Published in the December 7, 2016 edition of the Princeton Alumni Weekly.
On October 22, 2016, we unveiled a new medallion embedded in the walkway in front of Nassau Hall. I was joined at the podium by Bob Durkee ’69, Vice President and Secretary of the University, and Brent Henry ’69, Vice Chair of the Board of Trustees and Chair of its Wilson Legacy Review Committee. In attendance were alumni and parents participating in the Alumni Volunteer Weekend. Several people suggested that my remarks might be of more general interest, and I reprint them below. —C.L.E.
We come together this morning to recast the University’s informal motto, adding words spoken by Justice Sonia Sotomayor, Class of 1976, to those uttered by President Woodrow Wilson, Class of 1879. By so doing, we participate once again in the vibrant evolution of the traditions that shape this University’s identity.
The evolution of those traditions brings to mind the words of another Princetonian who preceded Justice Sotomayor on the Supreme Court and who, like her, served this nation with distinction. In one of the most widely quoted and influential dissenting opinions ever written, Justice John Marshall Harlan, Class of 1920, said that the American Constitution’s guarantee of liberty took its meaning from “the traditions from which [our country] developed as well as the traditions from which it broke.” “That tradition,” he added, “is a living thing.” 
The traditions of this University, like those of our country and our Constitution, are living things. We do them no justice if we regard them as relics deserving of uncritical adulation, mindless obeisance, or ossified preservation. We give those traditions their due—we honor them most faithfully—only if we cultivate them actively in light of the values and purposes at the heart of this great liberal arts University.
This loving stewardship, this interpretation and reinterpretation of our shared heritage, dates back to the origins of our school. We have persisted and we have changed.
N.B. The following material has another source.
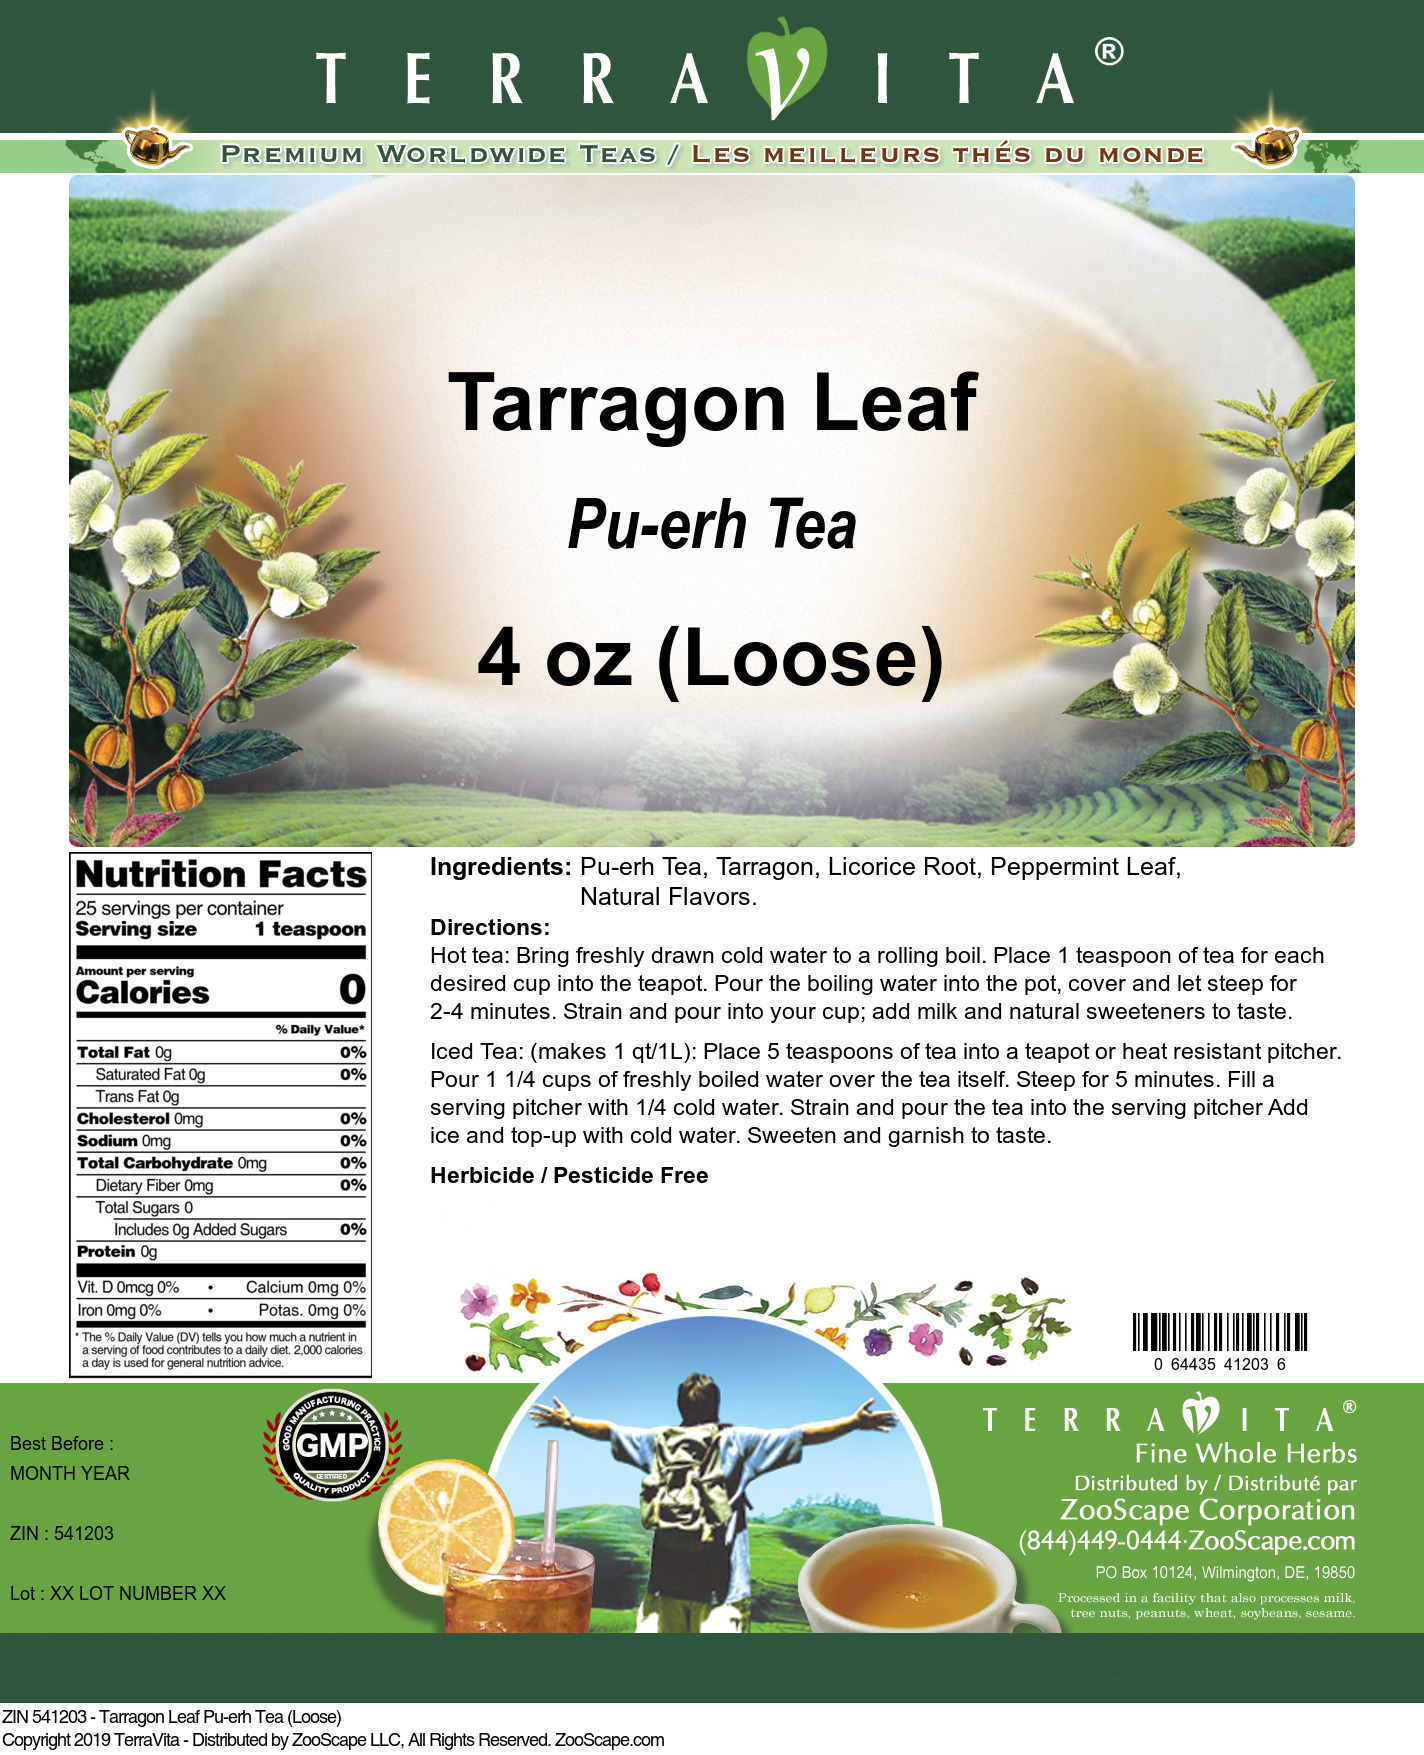 Tarragon Leaf Pu-erh Tea

We began as a tiny liberal arts college founded to educate young men for the Presbyterian ministry. In Wilson’s era we became a research university. In Sotomayor’s time, we opened our gates to a wider world, becoming at once more diverse, more international, and more intellectually eminent than ever before.
The University’s evolution continues to this day and will continue beyond it. Princeton is the better for the changes that have happened, and those changes have made Princeton more true to the very best values that have defined us since our inception.
Woodrow Wilson’s memorable phrase, “Princeton in the Nation’s Service,” spoken at the University’s 150th anniversary in 1896, captured one of those values. It expressed this University’s long-standing commitment to service and leadership. Wilson’s words inspired generations of Princeton students and alumni. His reference to the nation was, however, incomplete and exclusive. In 1996, my predecessor, Princeton’s marvelous eighteenth president, Harold Shapiro *64, addressed that exclusivity by reinterpreting Wilson’s idea and Princeton’s tradition to embrace service not only to this nation but to all nations.
Today, we again revise the motto, this time to correct forms of partiality inherent in the very concept of nationhood. As Justice Sotomayor pointed out in her speech accepting the Woodrow Wilson Award in 2014, the concept is partial because it values service to the state over service to people or individuals. Coincidentally or not, it is also partial in a way that hints at the racism that marred Wilson’s towering achievements at this University and on the world stage.
The word “nation” comes from the Latin word for “birth,” and its English-language meaning suggests a people defined by ties of blood, ethnicity, or culture. By adding Sonia Sotomayor’s words to Wilson’s, we recognize our responsibility to serve not only our state or our tribe but all members of the human community.
Today’s modest ceremony may soon be forgotten. But for so long as this medallion remains here, in this meaningful and beloved place, it will remind students, faculty, staff, alumni, and visitors to our campus of this University’s values. It will remind them of those who helped to build the institution we cherish, and it will remind them, too, of our collective responsibility simultaneously to respect the past, to acknowledge forthrightly its deficiencies, and to improve upon it.
The medallion will remind us, in short, of the traditions from which today’s Princeton developed and the traditions from which we have broken. Our traditions are, as our fellow alumnus John Marshall Harlan said, a living thing. I am grateful to all of you for your partnership not only here today, but also in the many shared endeavors through which we steward and cultivate what we inherit from those who preceded us for the benefit of those who will follow us.
Thank you for being here, and thank you for your support of this very special University.
1. Poe v. Ullman, 367 US 497 at 542 (Harlan, J., dissenting).